At the request of the ever cantankerous and sometimes beloved Mikhail, I am travellogging my trip to Zurich. Step one: I have arrived! One quasi-long and one really long plane flight later, Kevin and I hopped a ‘Ben Bus’ to our hotel and have successfully checked in. I chomped down the complimentary gummy bears, turned on some crazy German cartoons, and took a picture so you could see what it looks like outside my window:
The highlight of my plane flight was a serious internal debate about whether the movie Seven Pounds (which I saw last week on the way back from DC) or He’s Just Not That Into You should win the award for worse movie of all time. He’s Just Not That Into You is some serious masochism as it combines characterizations of women that are both unlikely to exist and completely degrading. Every female character in the movie represents some awful misogynistic character flaw a girl could have. Jennifer Aniston is ‘I’m in a perfectly happy long term relationship but my world will end if we aren’t actually married.’ so she breaks up with him! Then he comes BACK TO HER AND APOLOGIZES AND PROPOSES! AND THEN SHE MAKES HIM GET RID OF HIS FAVORITE PAIR OF PANTS. Jennifer Connolly doesn’t mind that her husband cheated on her and continues to, or that she also (like Aniston) guilted him into marrying her, but freaks the fuck out (breaking furniture) that he’s smoking and lying to her about it. Girl whose name I don’t know spends the first third of the movie sitting by the phone WAITING FOR BOYS TO CALL HER BECAUSE SOMEHOW SHE STILL HAS A PINK PHONE FROM 1984 AND SITS BY PHONES WAITING FOR BOYS TO CALL!

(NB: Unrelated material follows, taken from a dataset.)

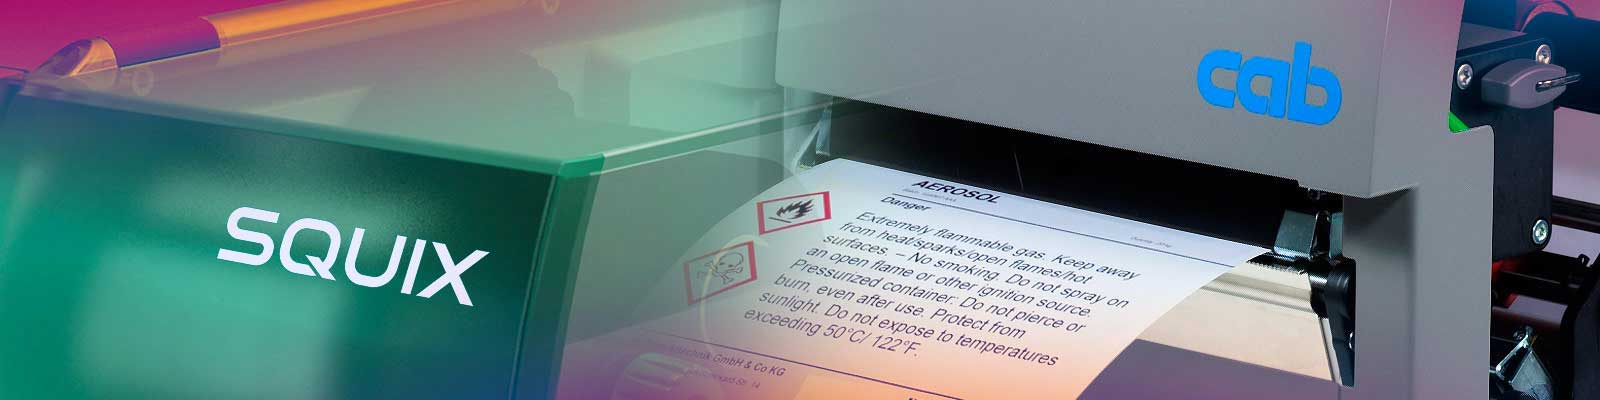 Impresoras Etiquetas Material Textil Cab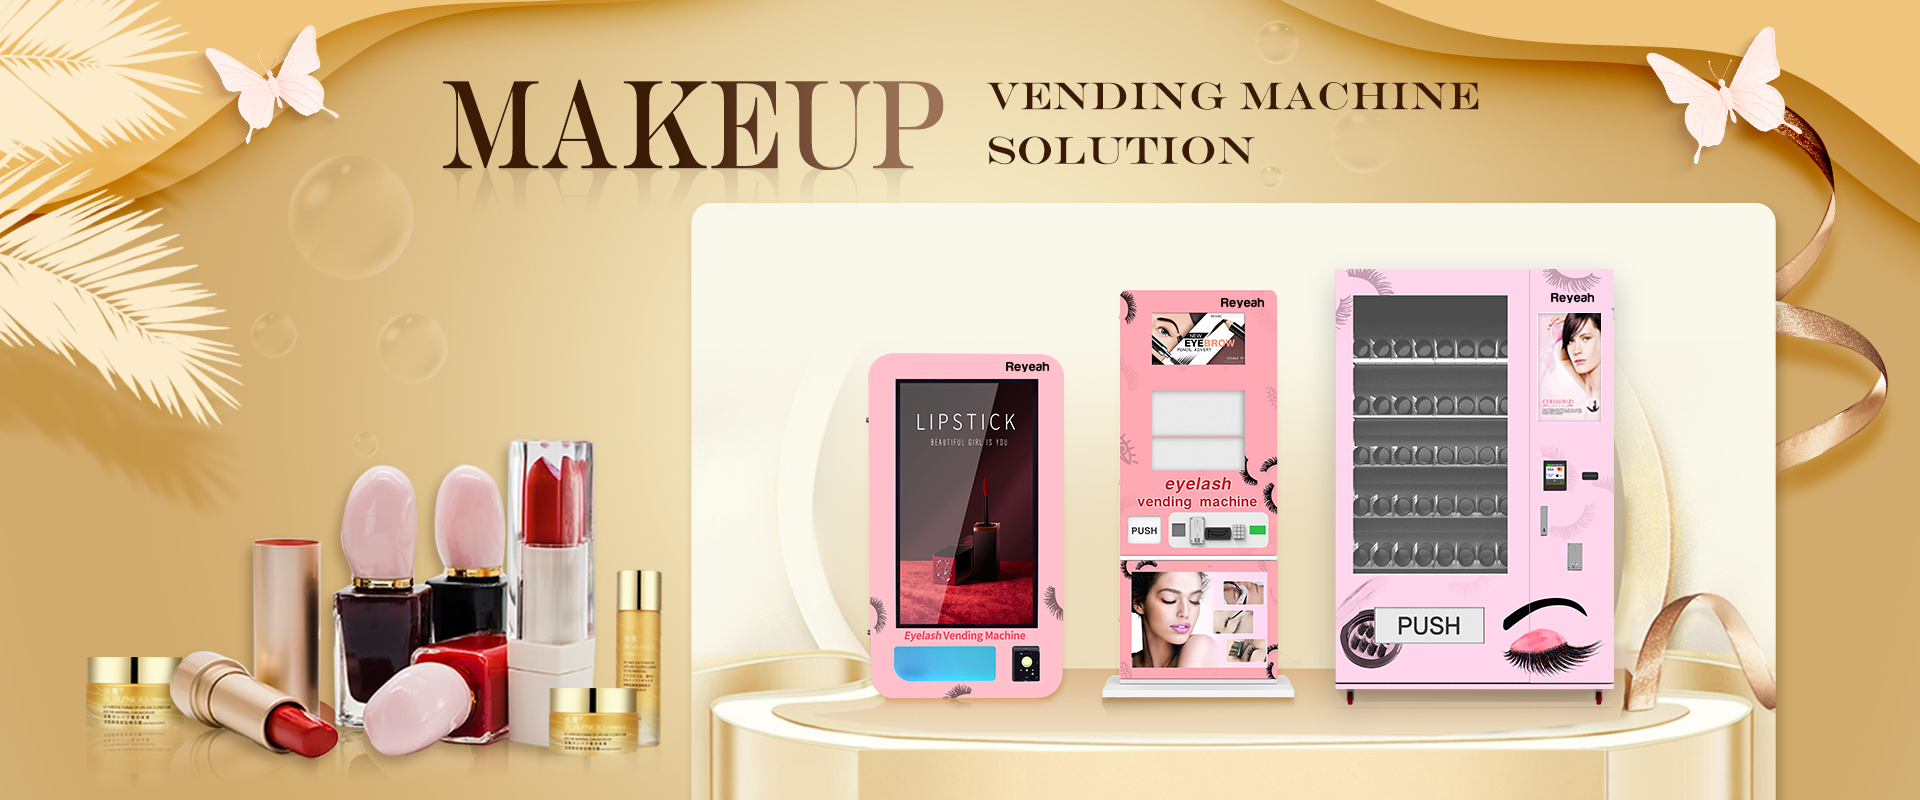 Makeup Vending Machines Solution

I’m going to place a moritorium (for now, I reserve the right of return) on discussing this movie, myself, as I will continue to have difficulty not overusing capitalization and explanation points. The tough call for me is whether Seven Pounds is worse because I can’t bring myself to care to write about it, or whether He’s Just Not That Into You is worse because I can go on and on about it’s awfulness….
I’m going to take a shower and head out on an exciting adventure including such things as a trip to the drug store to find power converters for phones/computers and something to wash my hair with other than the combined shampoo/body wash available in the bathroom! I’ll make sure to photodocument this in great detail.
Also, there needs to be much drinking of coffee in my near future.